I cannot understand about the Jabberwock. She was an excellent yacht, and although a heavy sea was running on Saturday, it is all a mystery how it happened. … He has always been so keen about yachts, and has spent all his time down here near the water. Even when he was a tiny chap, the yachtsmen used to take him out—sometimes wrapped in a sail sheet. They looked upon him as a mascot.

Recovery of the bodies

On Thursday 25 June, during operations to salvage the boat, a retired trawl skipper and Lower Granton Road resident brought Donald’s body to the surface using a dragging line. The Scotsman reporter, who was present, noted:

The body was clad in the yellow oilskins which the wearer had donned just before starting in Saturday’s race. It was recovered about 100 yards east of the wreck. Dinwoodie was the only member of the crew of the Jabberwock who was unable to swim, and this probably explains why his body was found so close to the yacht.

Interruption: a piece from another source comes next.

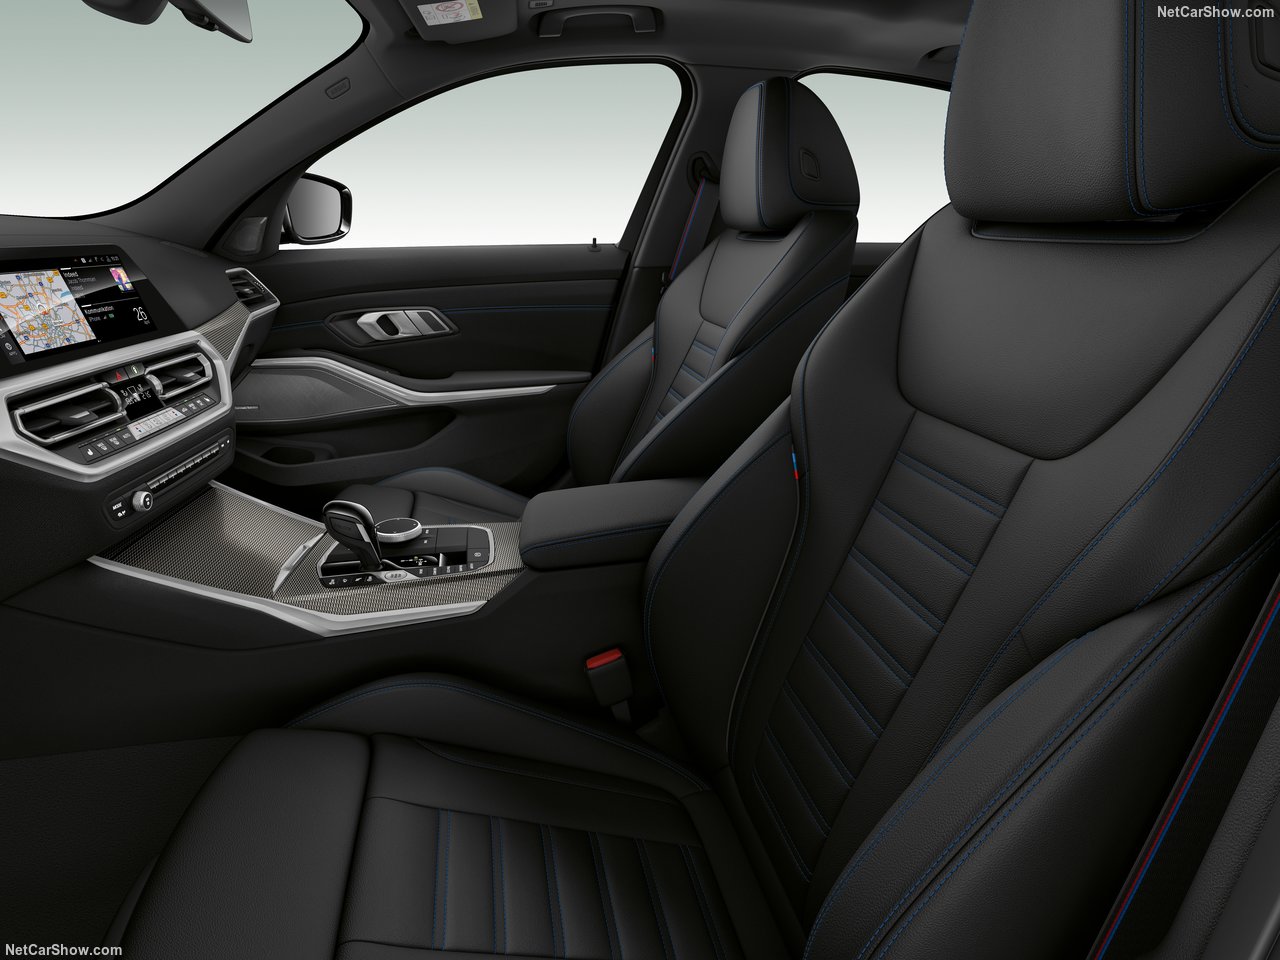 2020 BMW M340i xDrive Sedan ortaya çıktı! Yeni BMW M340i xDrive Sedan’ın özellikleri neler?

John Dick’s body eventually came ashore near Laurieston Castle on 29 June, and that of Scott was found floating in the sea just off Inchmickery the next day. The circumstances in which Ronald Mitchell’s remains were found are unclear, but he was interred at Piershill Cemetery on 8 July in a ceremony attended by Dinwoodie’s father.

The unfortunate young Donald E. Dinwoodie is recalled with love and concise, unflinching clarity on a headstone in Rosebank Cemetery.